I ended up calling the cable-guy to come check out why I was missing so many channels.  Discovery Channel among the ones that is frequently missing, I feel like I’m missing out a crucial part of my life, I mean, so much education, packed into one channel.  Where else can you see a breakdown of second-by-second of the Youtube video Battle at Kruger?

It seems that we assign personalities to each TV channel these days.  Discovery Channel are for those who want to feel like they are learning, but really the guy with the smooth voice is saying “monkey penis” and “watch as the elephant rolls in his own feces”.  Clever.  I know if I want to see gerbils who pick their nose and crack jokes, I’ll turn on Nickelodeon, alright?

The cable person arrives a week later; I guess the company had a hard time finding the right packaging material because he had Air Mail stickers all over him.  Whatever, I just want my cable fixed.  After looking at the snow channel on 40 for about 10 minutes and trying all the stuff that I already tried, I feel like he’s just waiting for me to yell out something like “Oh my god, I didn’t realize my TV had to be ON to get those channels!”.

Yeah, I already tried all the normal dumb-girl stuff; work with me here cable dude.

He leaves a few minutes later, proclaiming obviously that the channels aren’t working.  He comes back a few moments later with his own, small, TV.  He hooks up the cable to his TV and flips through all the channels.

And, all the channels work.

“I’m afraid that the tuner in your TV is going out,”  He says.

“Well, can I just buy a new one?”  I say, thinking about computer TV tuners; whenever those blow out you just buy another one, toss the old one and away you go.

“I’m afraid it’s a bit more complicated than that when it comes to TV’s,” He says, knowing that I was talking about computers.

Damn.  Well, it’s not surprising since my parents had this gigantic 32″ TV for the past several years in their front living room.  They bought a new TV, and this one resumed it’s life in storage until I got out of college.  Now, I have it.  I’m sure somewhere between the move, the storage, and my accusing stares, it broke.  So, now it’s either 1.  Get a VCR, or 2.  Buy a new TV.  Since VCR’s are approximately 1/8th the price of TV’s, I’ll go with the VCR, for now.

The last time my parents were here, they brought up a VCR for my enjoyment.  At first I was skeptical: “VCRs?  Aren’t those things all in a museum somewhere?”.  But when I hooked up the VCR and received all of the channels I was missing, including Discovery Channel and, GASP, Animal Planet!  I was more than ready to accept yet another remote into my expanding collection (this was before I got The Universal Remote).

Of course, the VCR worked like a perfect angel when my parents were around, but, like the bastard child that I know that it is, it started acting funny as soon as my parents left.  It was like an Alfred Hitchcock movie, honestly.

In case you are at work or whatnot and don’t want to see the video: As I was trying to figure out why my VCR was having so many problems, I just left it on channel “3″, which is TBS, naturally.

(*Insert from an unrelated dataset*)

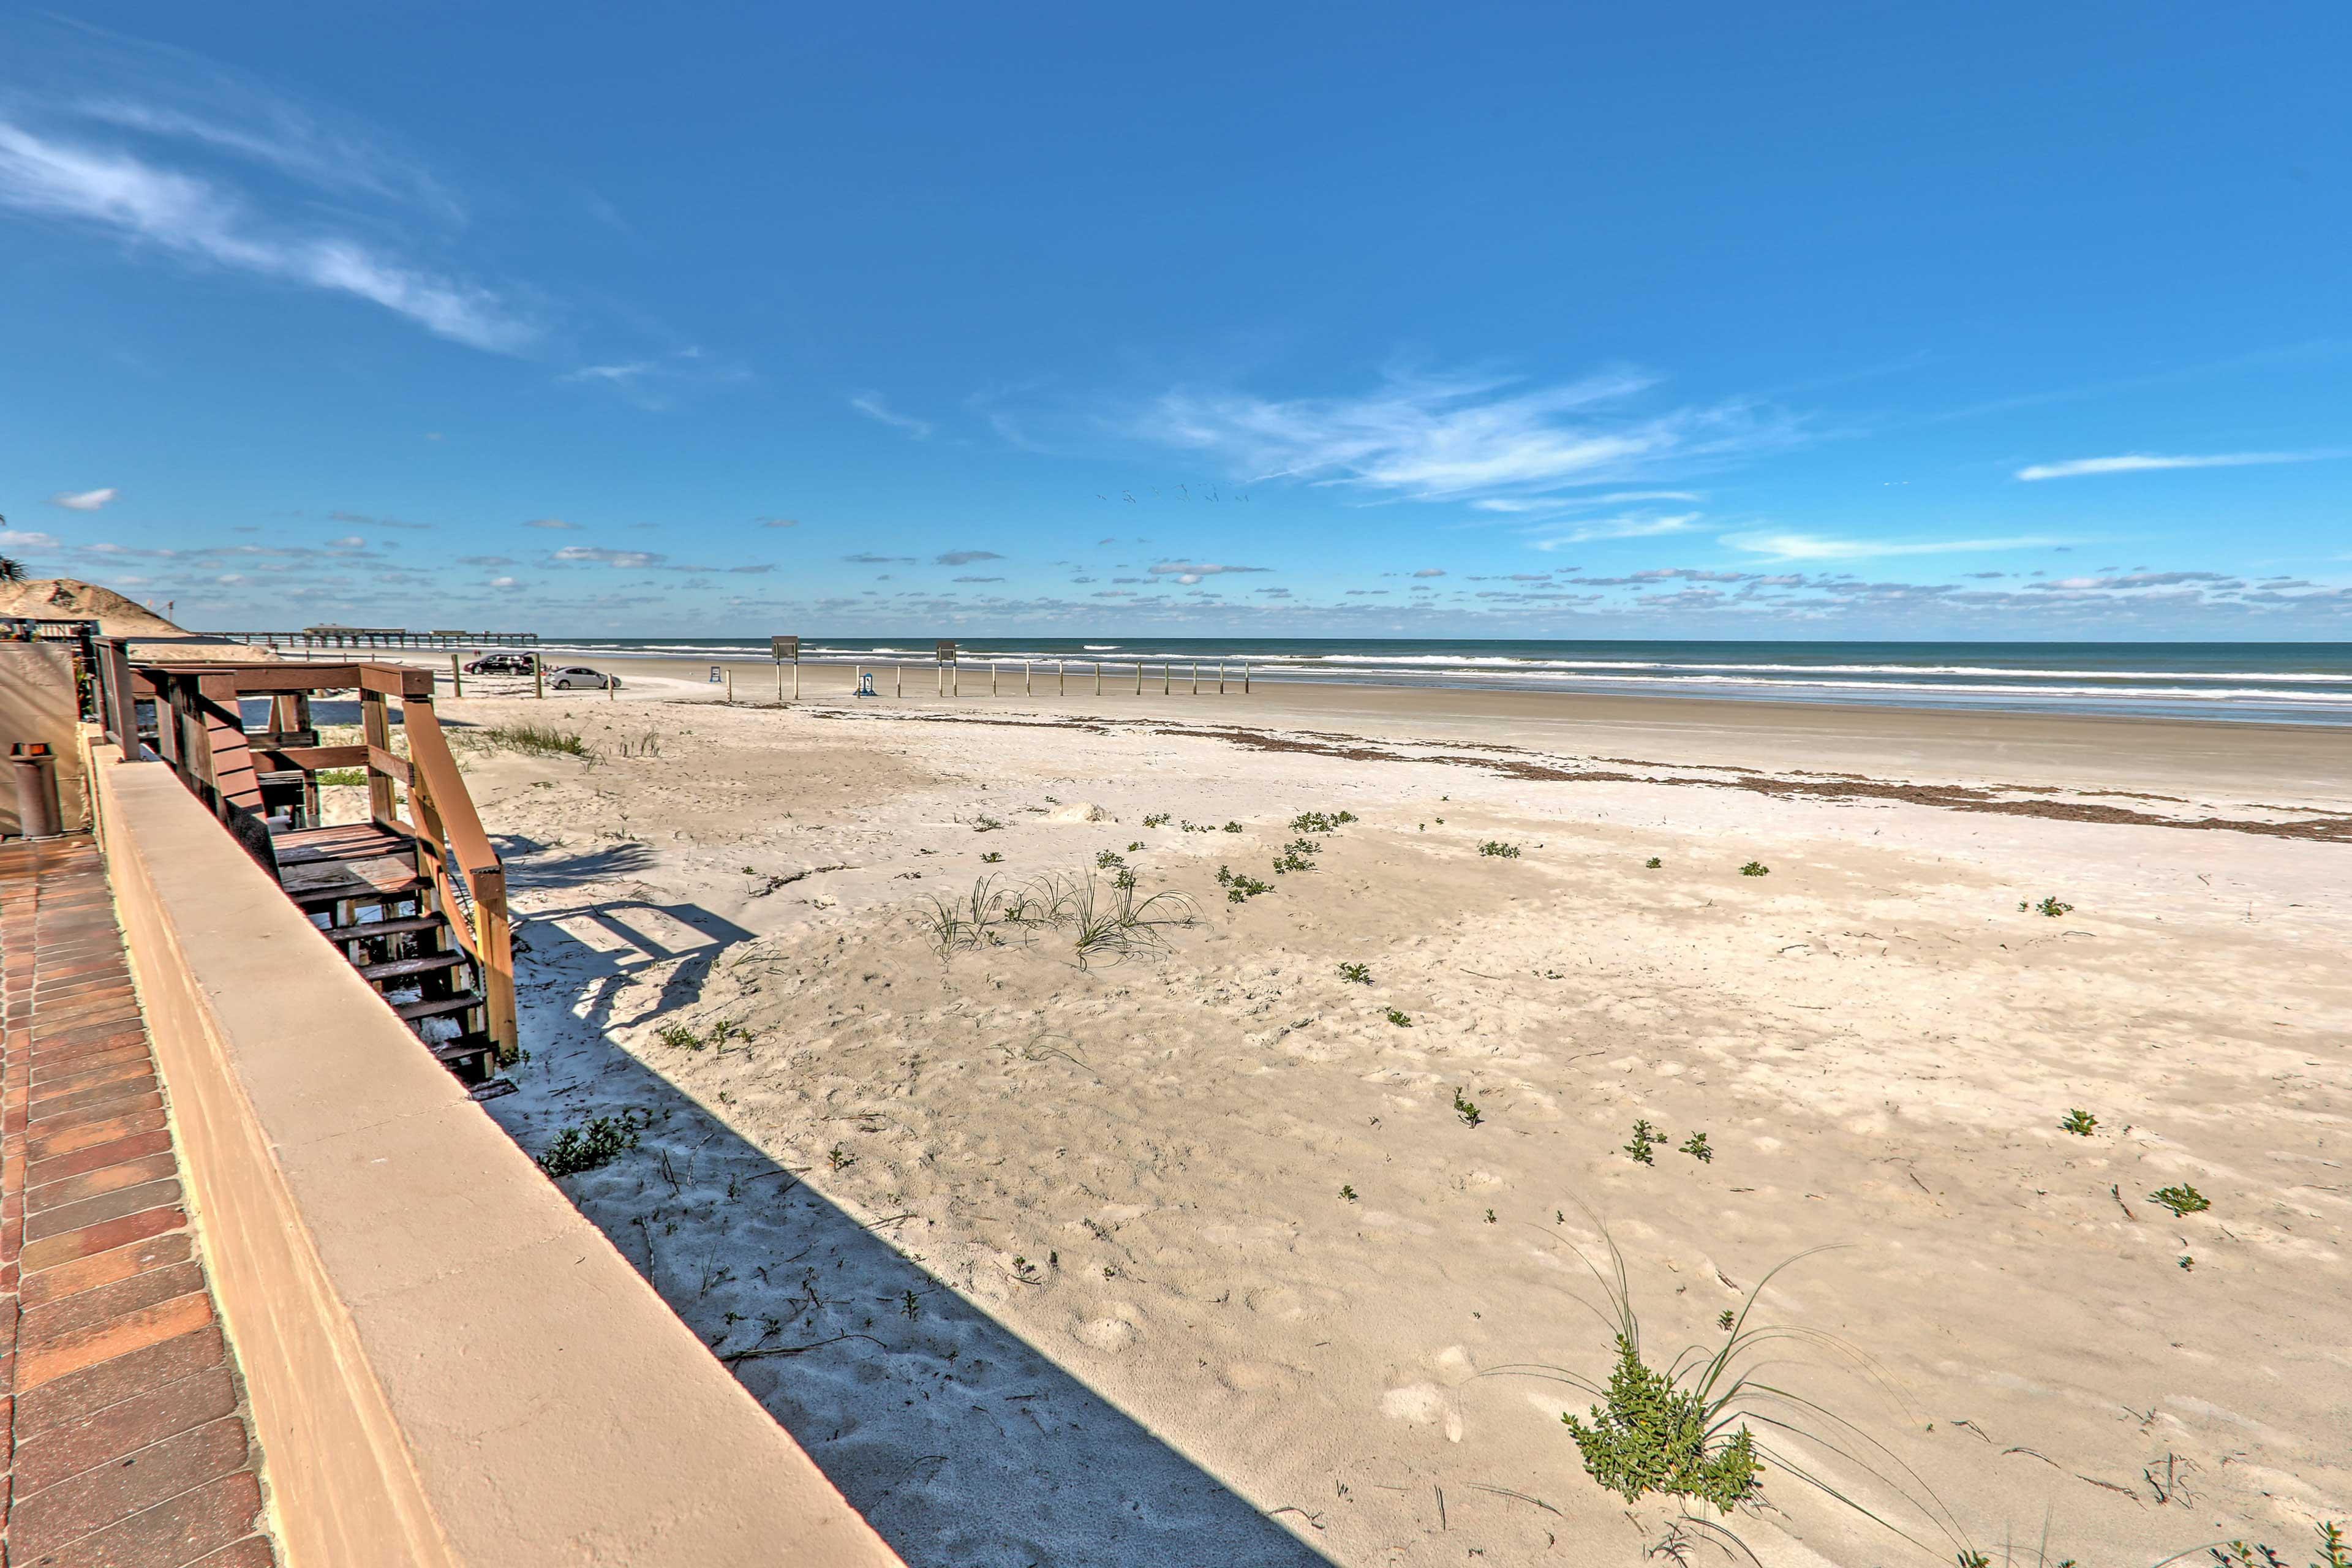 Book this cozy vacation rental condo for the ultimate Daytona Beach Shores getaway!

The movie above basically highlights the problem I was having: When I flip the channel on the VCR,

Each.

And.

Every.

Channel.

Is the SAME channel. Which is, whatever channel you started on. In this case, it’s TBS. What you see is about a full minute of me flipping channels like mad, but each channel is TBS, no matter what I do.

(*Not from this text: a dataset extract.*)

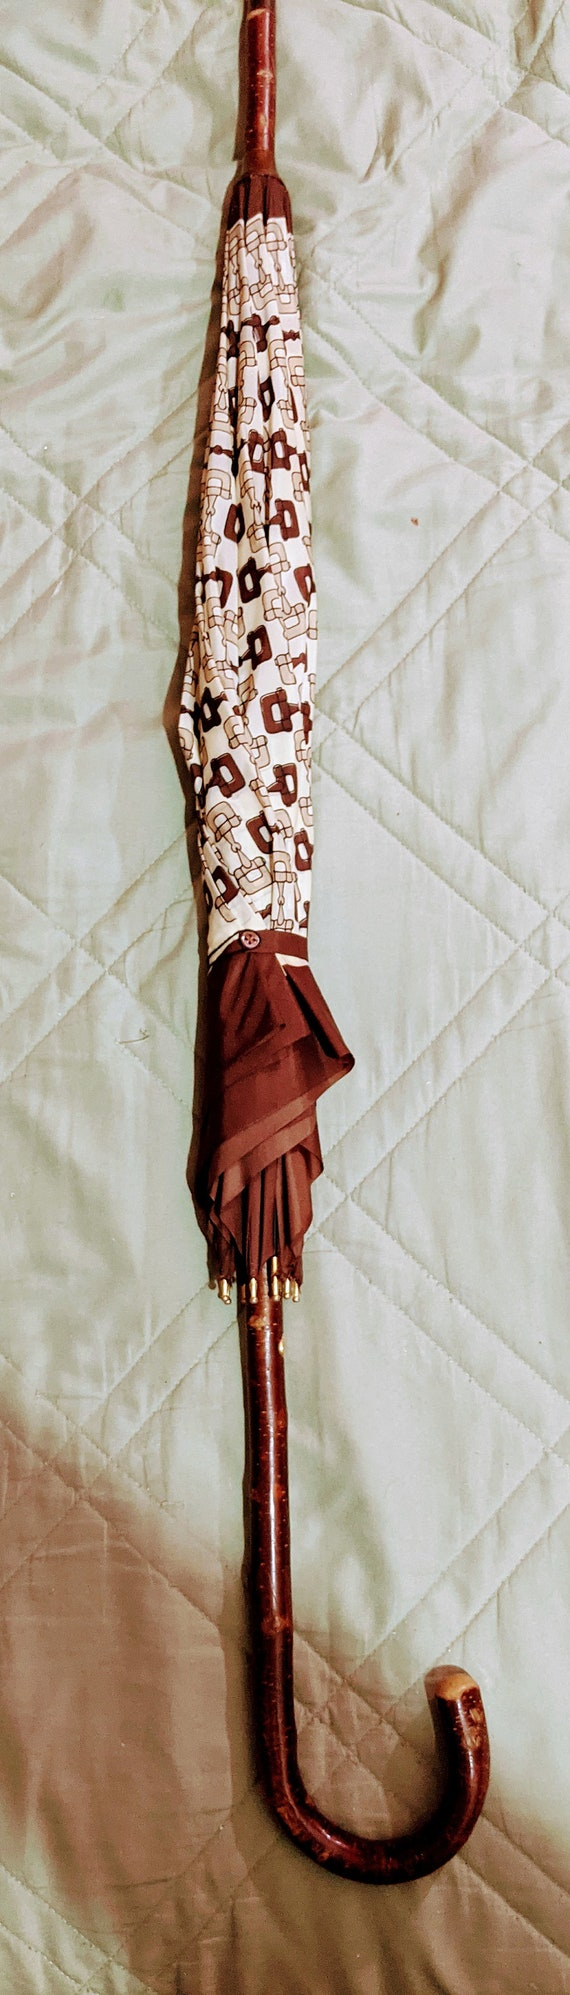 Vintage 1970's Authentic Gucci Horsebit Umbrella - image 1

What happened to the VCR, why was it acting like that? And, will Chandler finally solve his problems? Tune in next time to find out!

So, in a fit of rage I pulled the plug on the VCR, and, now it sits inside of my cabinet, dormant. I know it’s plotting it’s revenge on my DVD player and PS2, don’t think I’m oblivious to that fact. And, now I’m back to not having Discovery Channel and Animal Planet.

I guess I’ll have to get by on not being able to watch the Groundhog Story on Animal Planet, or extreme fishing on Discovery Channel.

I wonder if I get National Geographic Channel; I haven’t seen Caesar calm a 300-pound rottweiler using just his voice and the “CHHH” sound he makes, in quite some time.